USE OF EXPERIMENTAL PHARMACOLOGY IN DRUG DISCOVERY AND DEVELOPMENT

The discovery and development of new drugs to provide medicines for treating diseases is the main role of the pharmaceutical industry. It is a challenging and expensive activity of pharmaceutical industry. Biological organisms and especially human beings are extraordinarily complex, and our understanding of how they function at the molecular level remains rudimentary, although considerable advances in knowledge have been made in recent decades. Whilst an advanced industrial society was able to plan and deliver a man to the moon following a 10-year program, almost 50 years on we are still only able to treat about 60% of cancer patients effectively, and do not understand how to correct most mental diseases. Development of new medicines is complex, time consuming and very expensive. The average cost of developing a new drug is estimated to be about US $ 1-1.2 billion, including expenditures on failed projects. This amount is about four times the price of an Airbus A380 at US $ 270 million, or five times that of a Boeing B - 787 Dreamliner at US $ 200 million.

Total drug development time grew from an average of 8.1 years in the 1960s to 11.6 years in the 1970s, to 14.2 in the 1980s, to 15.3 years for drugs approved from 1990 through 1995. Pharmaceutical companies and regulatory authorities are working together to reduce this time span.
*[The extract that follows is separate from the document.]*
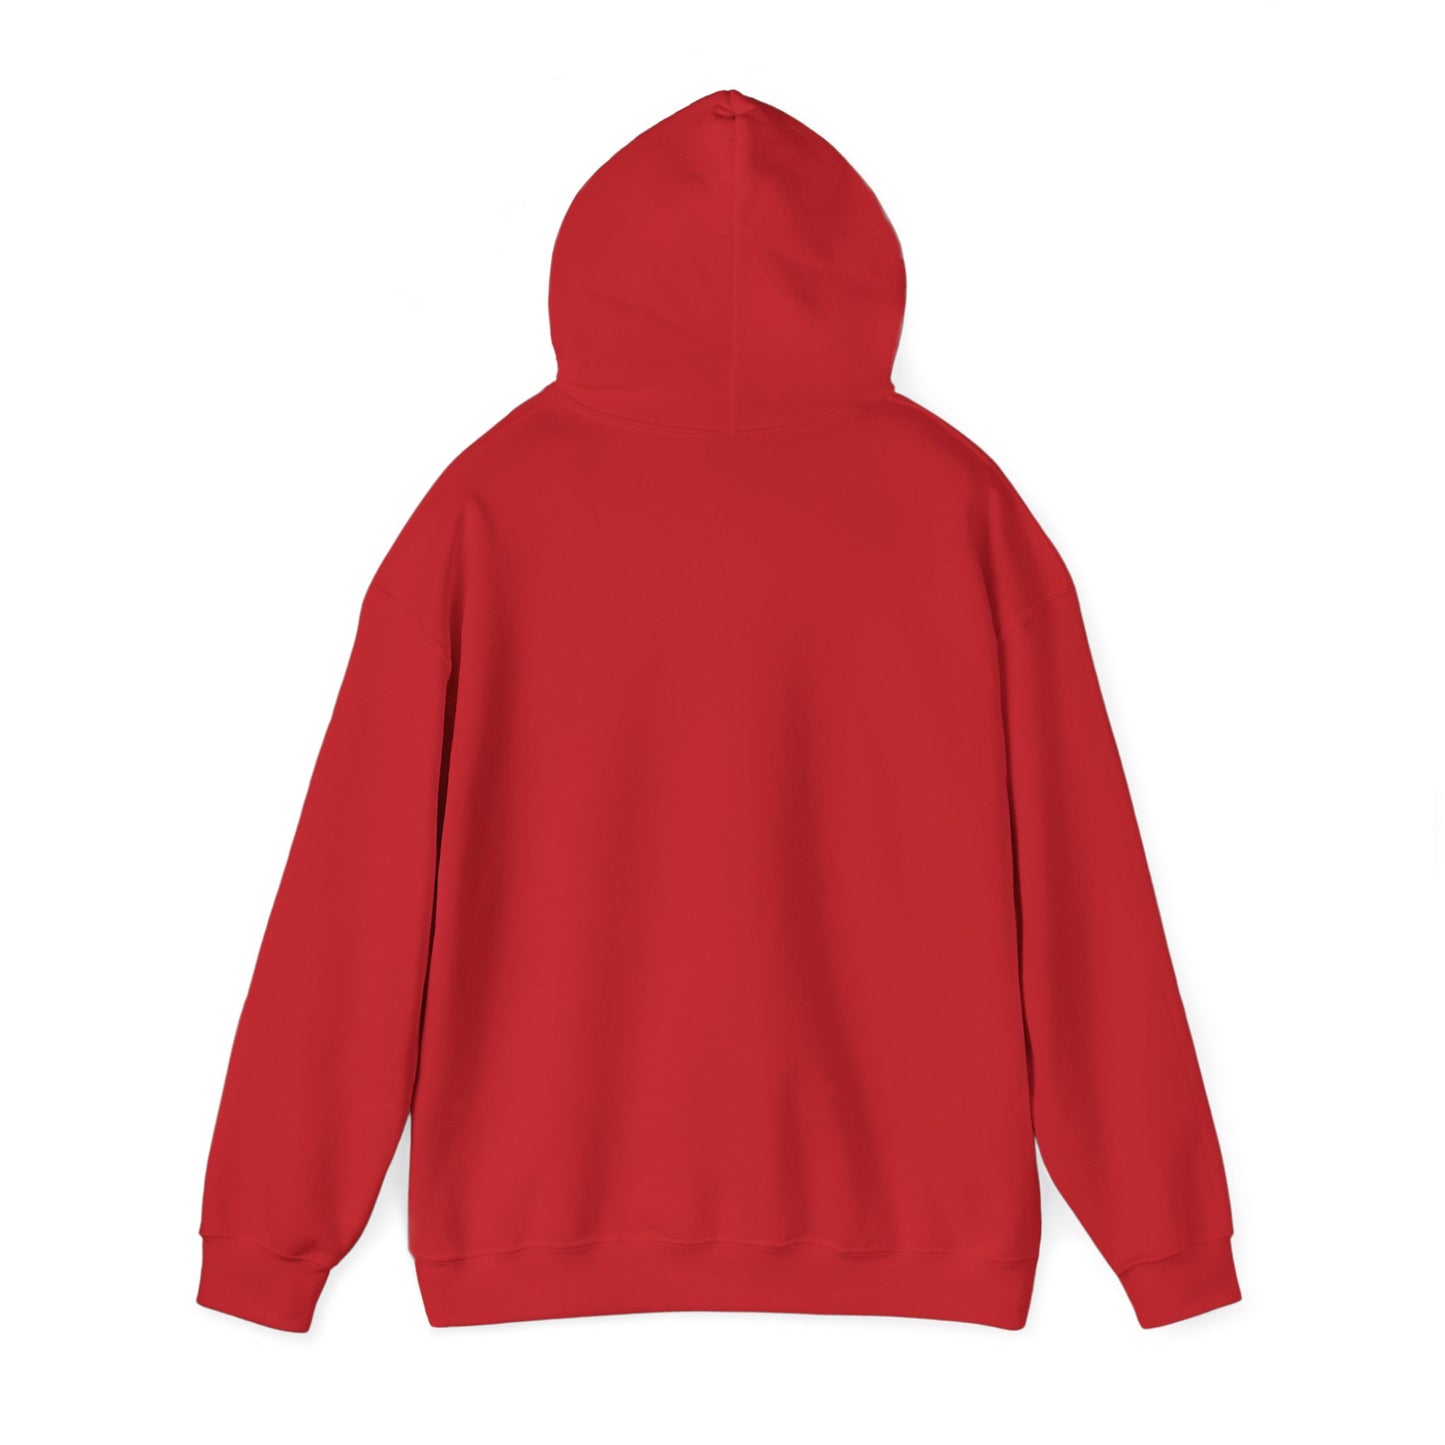 HBCU Unisex Heavy Blend™ Hooded Sweatshirt

With the advent of technologies in biological screening procedures of new chemical entities the time involved in drug discovery has gone down in recent years but the cost of drug discovery has touched a new high. Success rate in getting from an initial compound to an approved and commercially available product is very low. Typically, tens of thousands of compounds are screened and tested, and only a handful makes it onto the market as drug products. The statistics are such that, out of the 10,000 compounds that show initial promise, only 0.3% will reach the testing stage for sub-acute study, five will go into human clinical trials, and only one will become an approved drug.

                    Table 1: Key stages of drug discovery and developments

Drug Discovery	Drug Developments
1.  Program selection (choosing a disease to                 work on)         2. Identification and validation a drug target         3.     Assay development         4.     Identification of a “lead compound”         5.     Lead optimization         6.     Identification of a drug candidate	1.     Preclinical study         2.     Clinical trials         3.     Release of the drug         4.     Follow-up monitoring

The process involves finding out the target that causes the disease. Next, chemical or biological compounds are screened and tested against these targets or assays, which are representative of these targets, to find leading drug candidates for further development. Many new scientific approaches are now used to determine targets (most targets are receptors or enzymes) and obtain the lead compounds; including the use of genomic technology, synthetic chemistry, recombinant DNA (rDNA) technology, laboratory automation and bioinformatics. Tests are performed on the lead compounds in test tubes (in vitro) and on animals (in vivo) to check how they affect the biological systems. The tests, often called preclinical research activities, include toxicology, pharmacodynamics and pharmacokinetics, as well as optimization of drug delivery systems. The leading compounds are modified and synthesized to improve their interactions with the targets, or to reduce the toxicity or improve pharmacokinetics performance. At the end of this process, an optimized compound is found and this becomes a potential drug ready for clinical trial in human. The development work has to follow Good Laboratory Practice (GLP) to ensure that proper quality system and ethical considerations are established. Only compounds that satisfy certain performance and safety criteria will proceed to the next stage of clinical trial. Then release of the drug occurs and follow up monitoring is required for confirming the effectiveness of the drug.           

Figure 1: Drug discovery and development processes.

After completion of preclinical studies successfully, the investigators files an ‘Investigational New Drug’ application (IND) to the government bodies such as Central Drugs Standard Control Organization (CDSCO), for allowance of initial testing in human beings. After the successful clinical trials and laboratory work, the investigators may file a New Drug Application (NDA). Permission to market a drug product will be given by the drug control authority after confirming the drug’s safety and effectiveness.